#### PROBLEM DESCRIPTION
Could you retype exactly the line containing "Superior Resident Home" and every line after it in the data below, leaving out the pictures?

#### SUPPLIED DATA

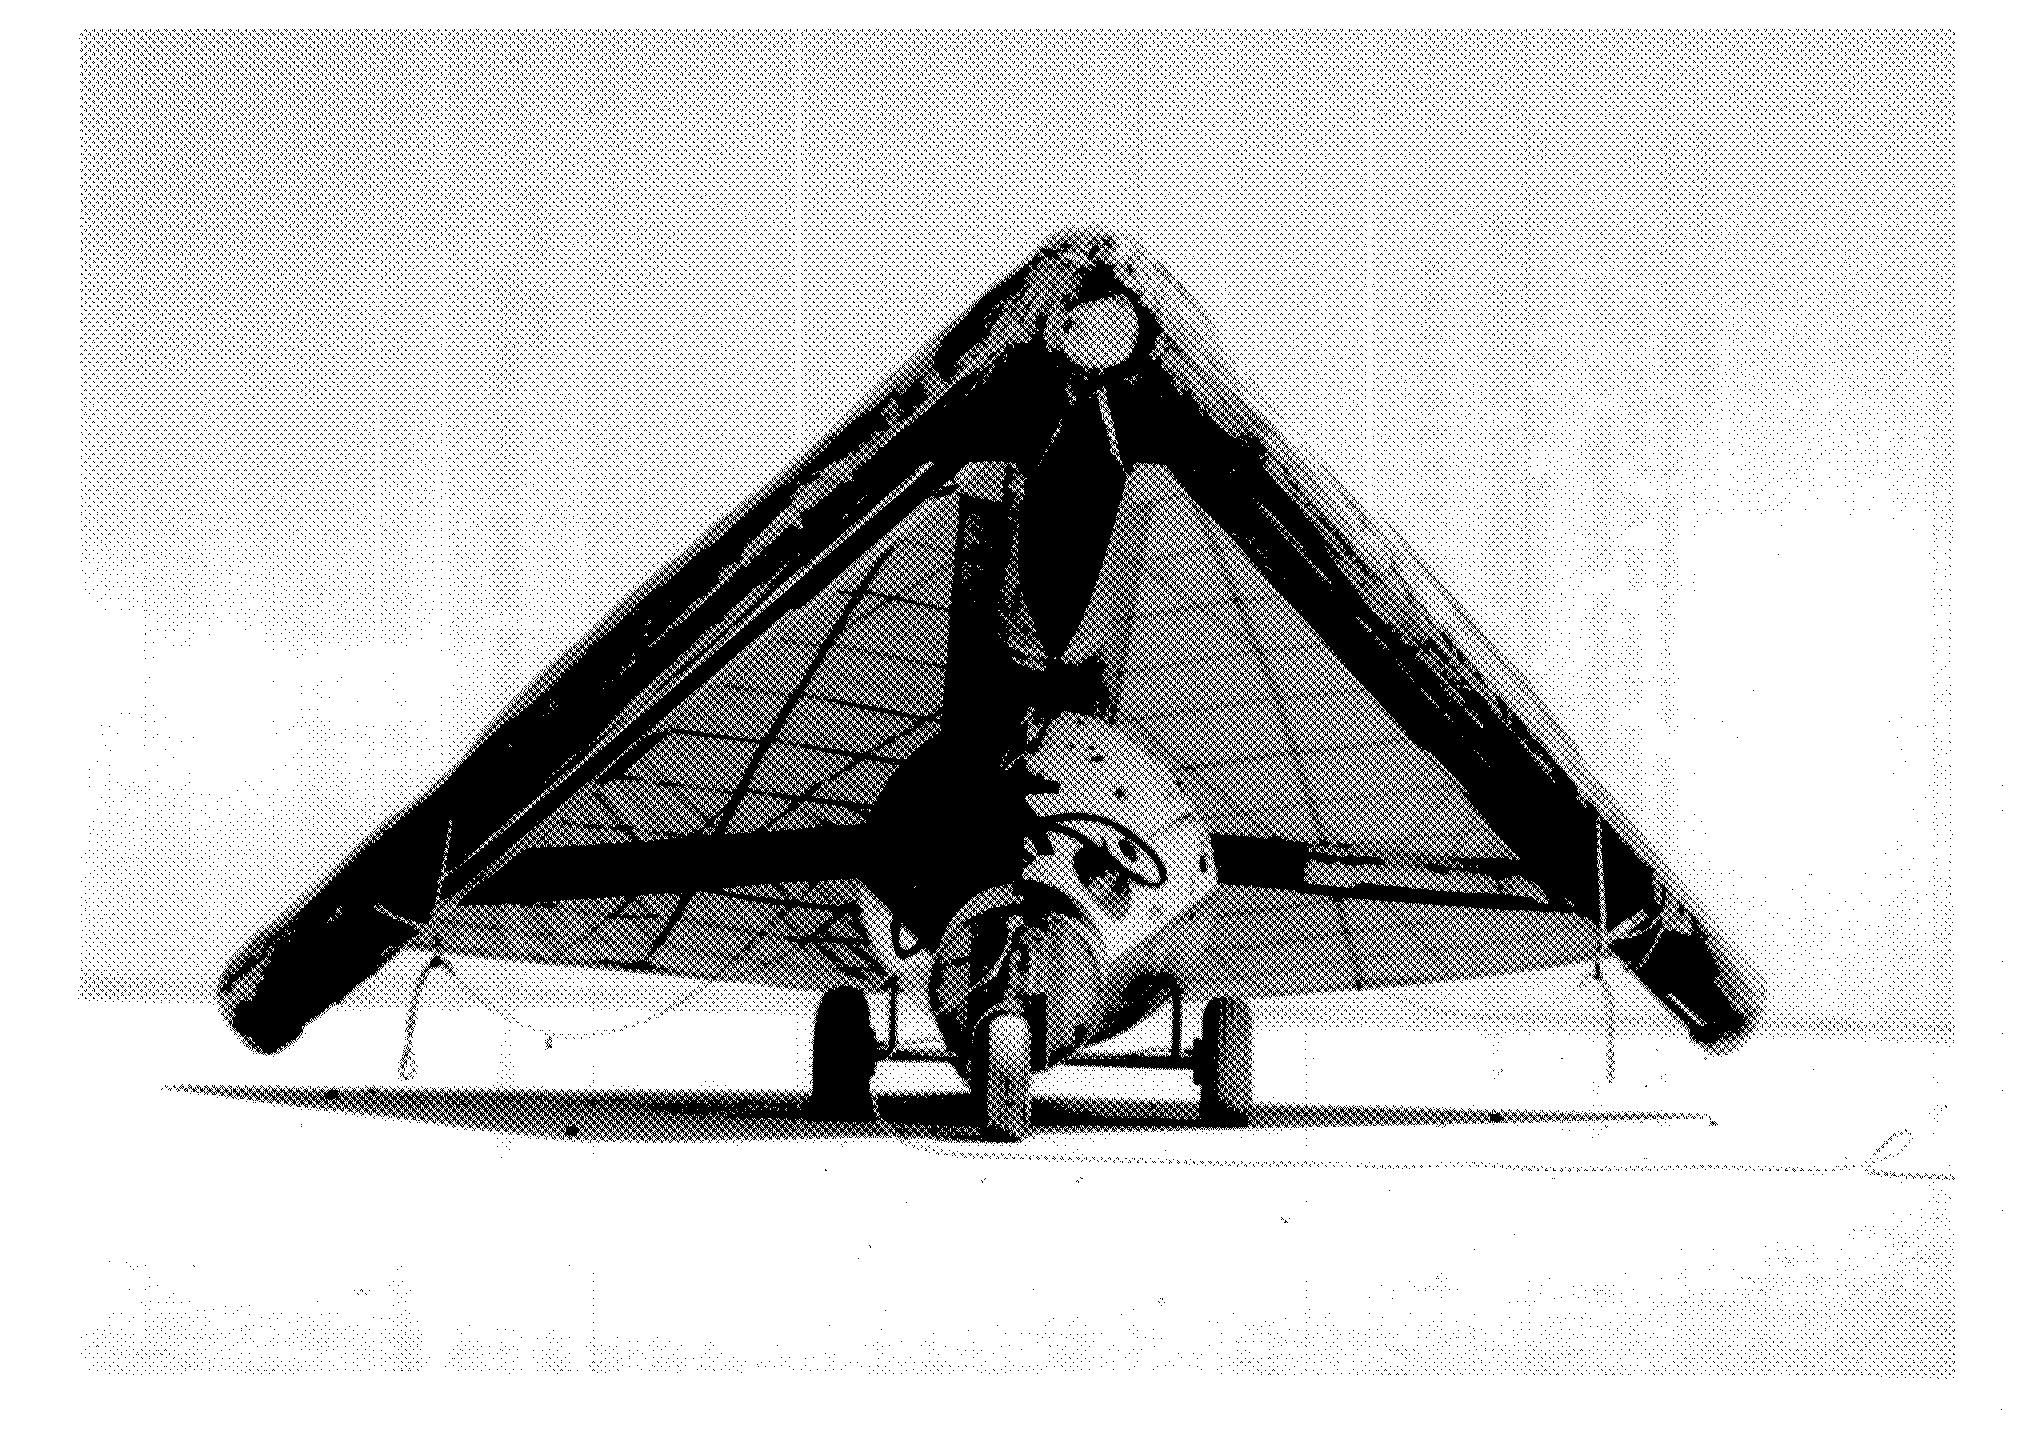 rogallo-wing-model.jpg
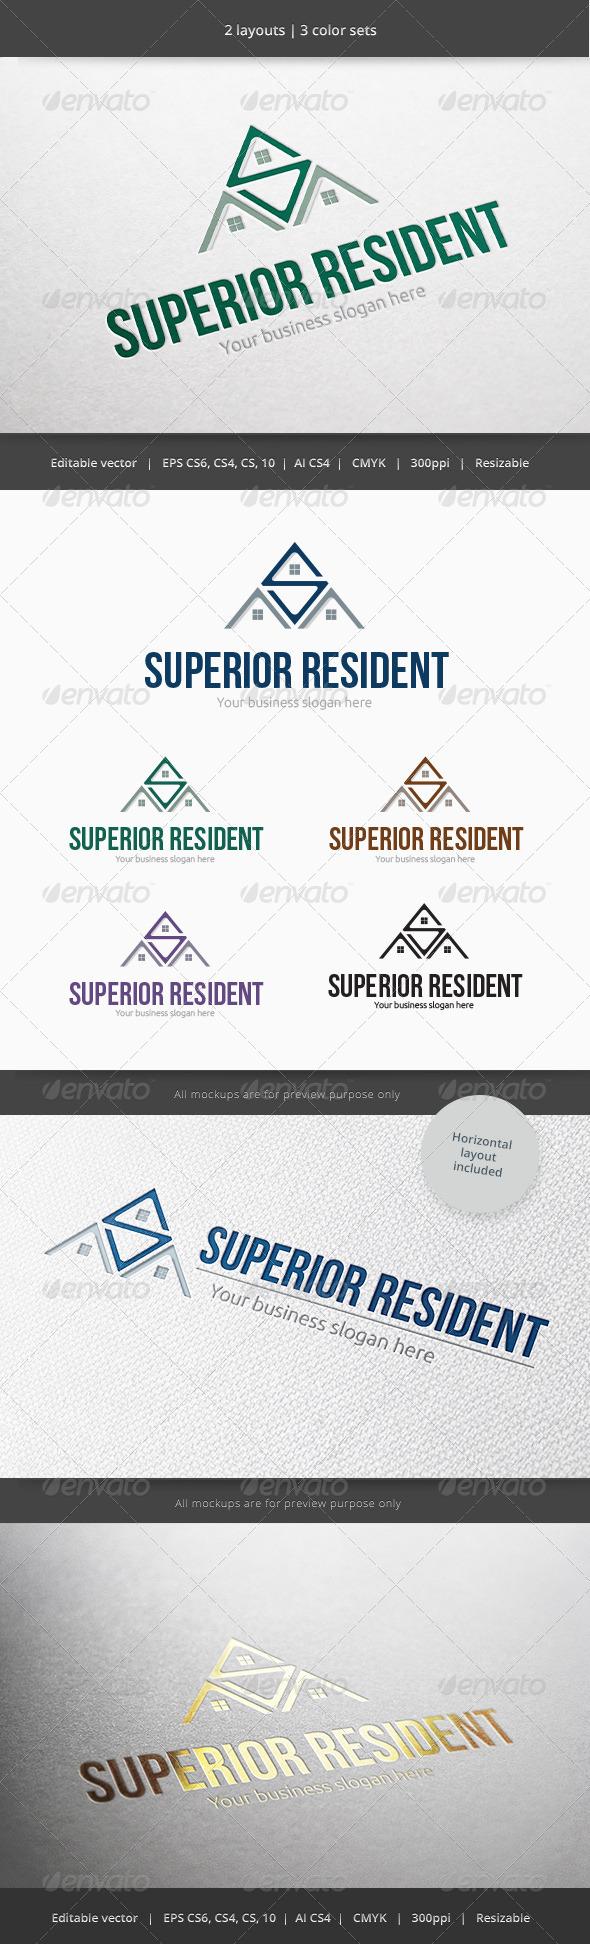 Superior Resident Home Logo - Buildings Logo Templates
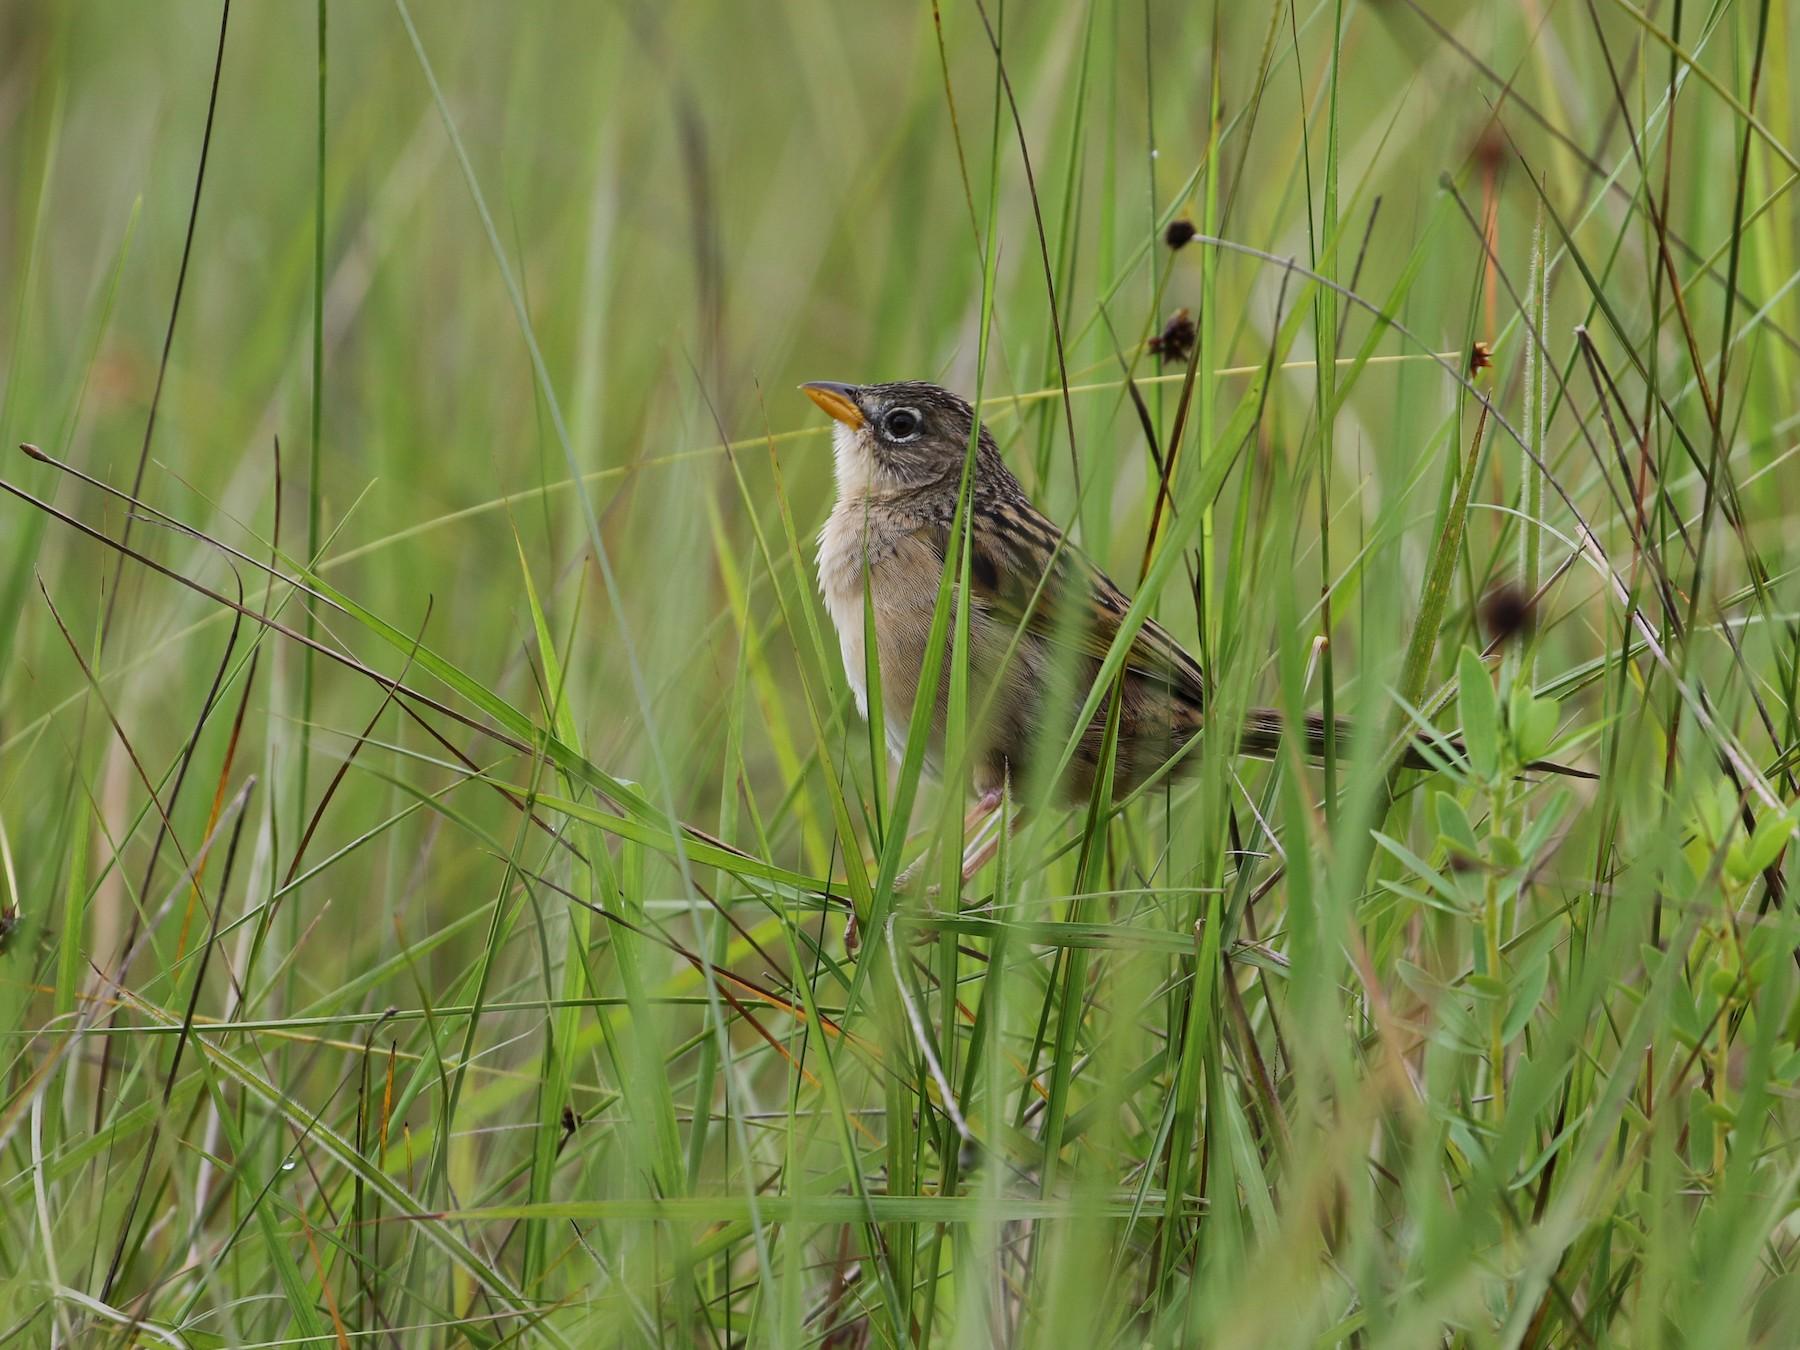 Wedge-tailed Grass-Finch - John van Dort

#### EXERCISE RESPONSE
 Superior Resident Home Logo - Buildings Logo Templates
 Wedge-tailed Grass-Finch - John van Dort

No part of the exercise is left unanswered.